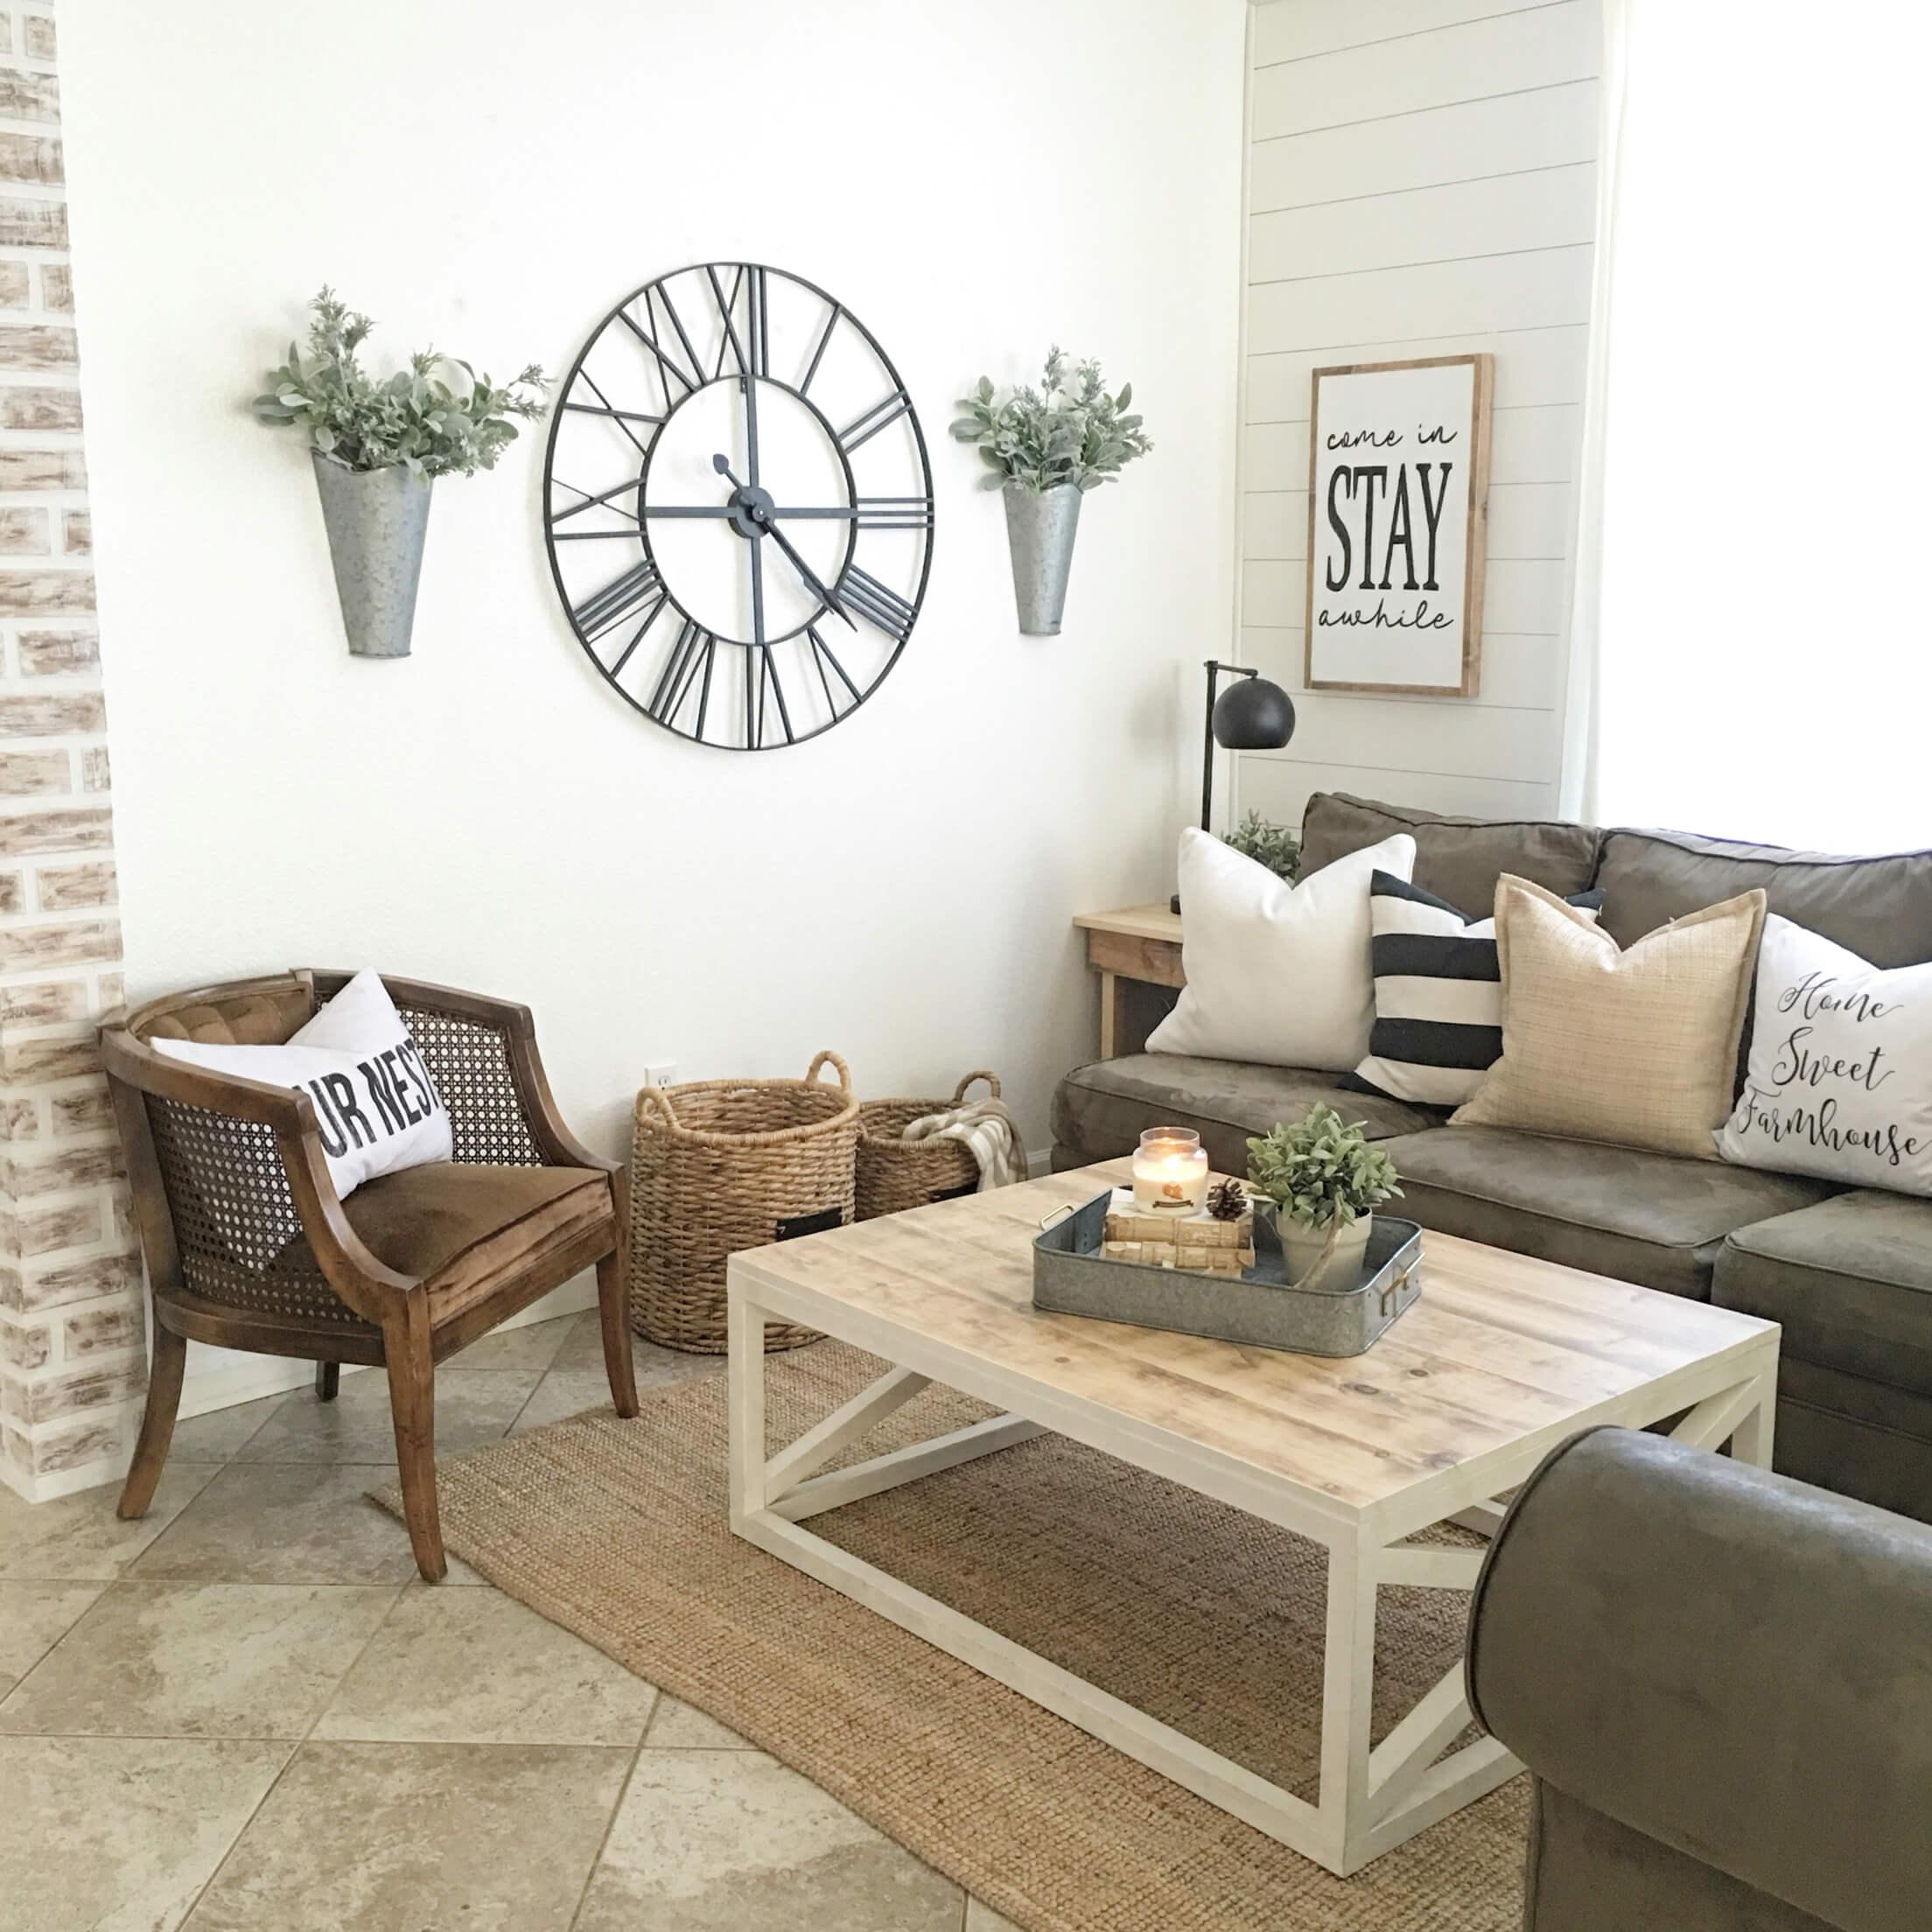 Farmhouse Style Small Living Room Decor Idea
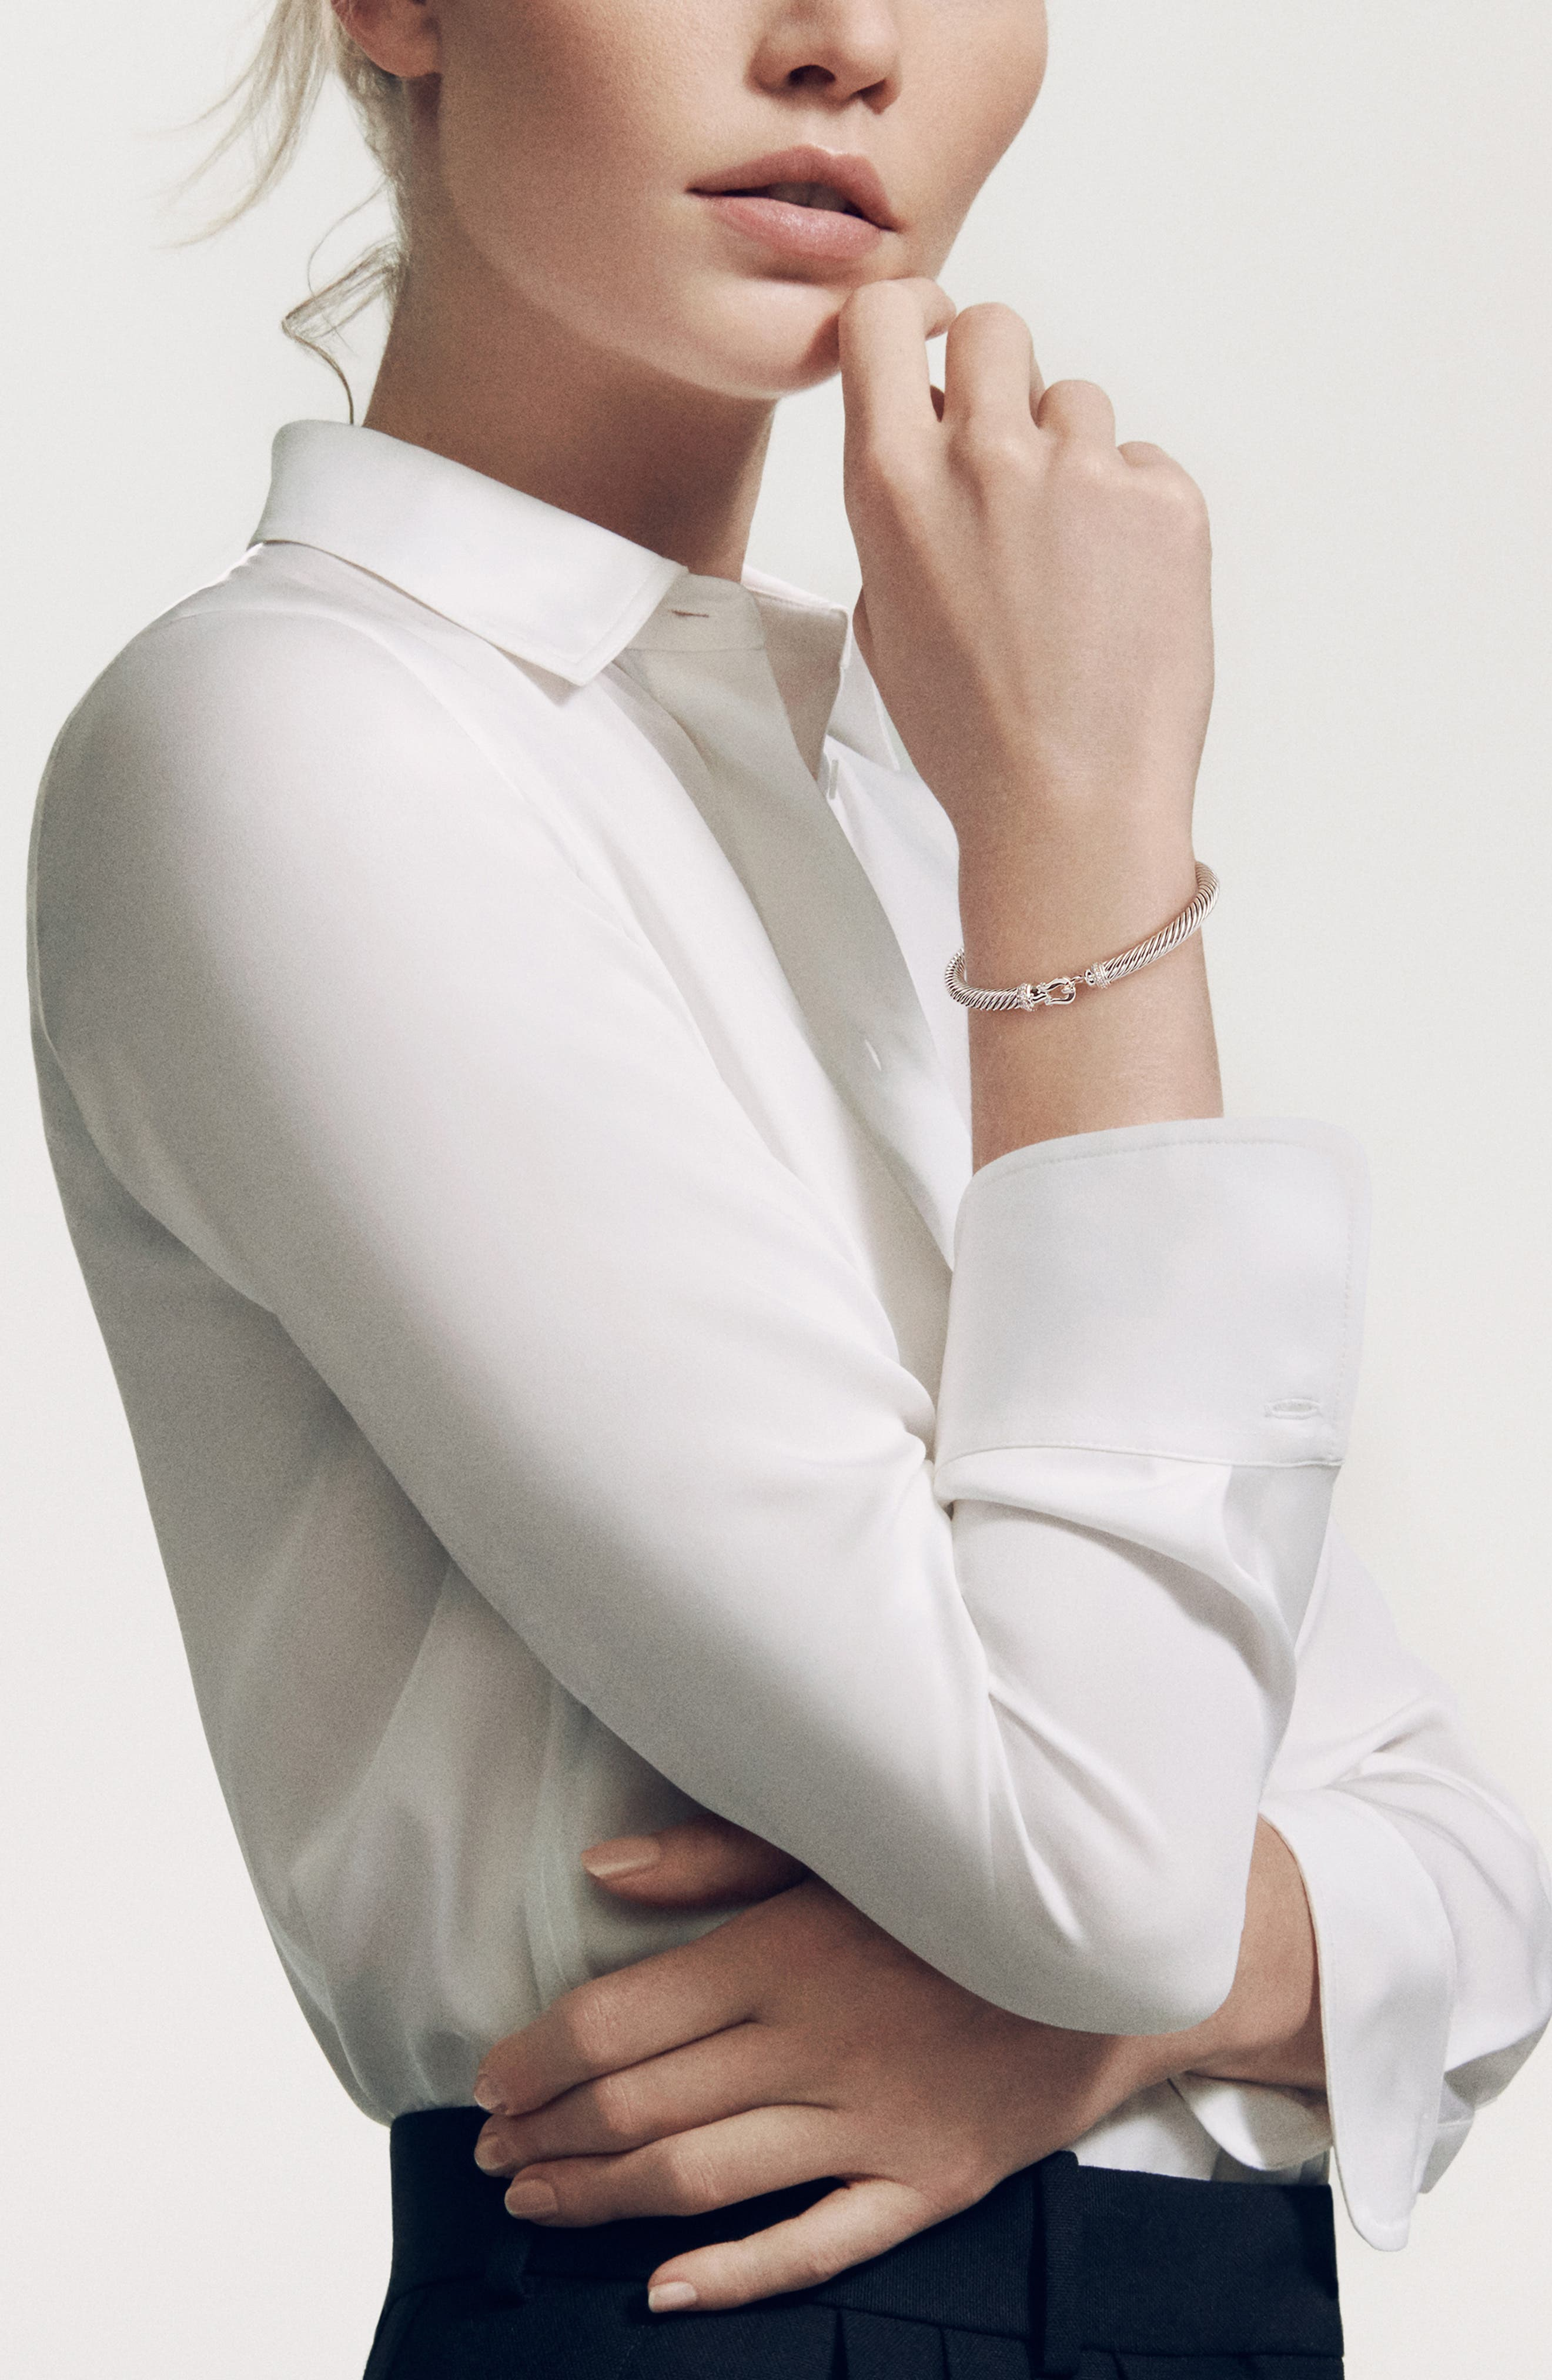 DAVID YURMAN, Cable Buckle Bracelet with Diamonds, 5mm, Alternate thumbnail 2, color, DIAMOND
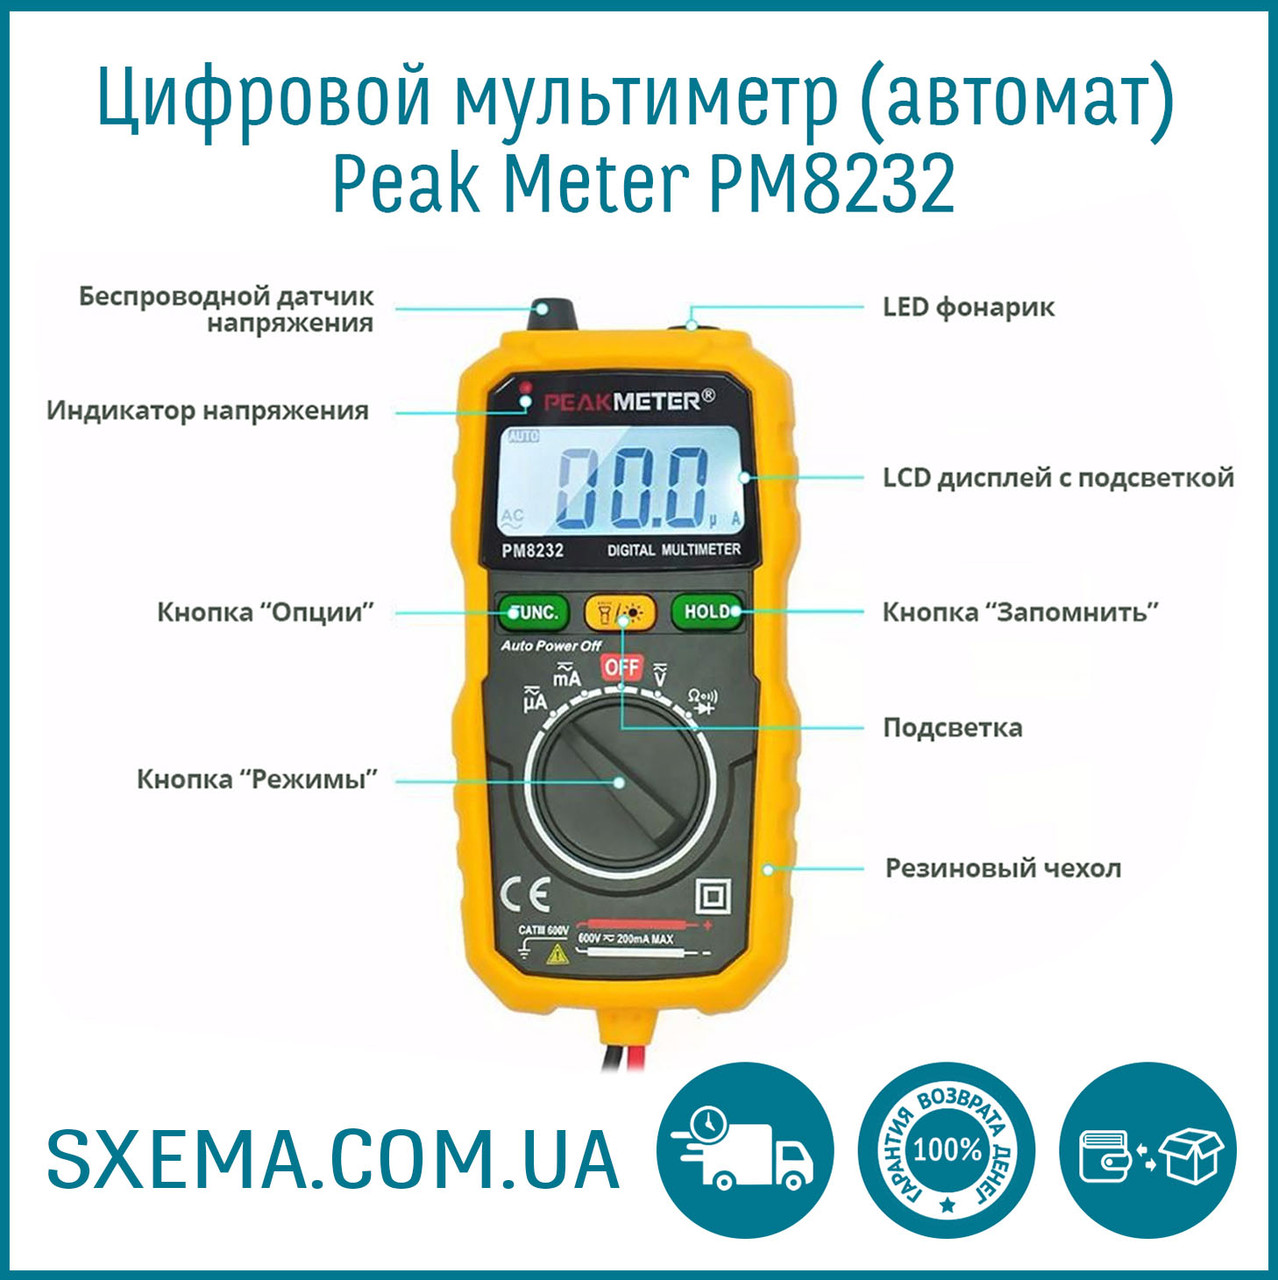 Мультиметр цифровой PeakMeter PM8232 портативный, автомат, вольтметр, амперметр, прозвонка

**Problem description**
Give the material above again exactly as it stands, minus any images.

**Task response**
 Farmhouse Style Small Living Room Decor Idea
 DAVID YURMAN, Cable Buckle Bracelet with Diamonds, 5mm, Alternate thumbnail 2, color, DIAMOND
 Мультиметр цифровой PeakMeter PM8232 портативный, автомат, вольтметр, амперметр, прозвонка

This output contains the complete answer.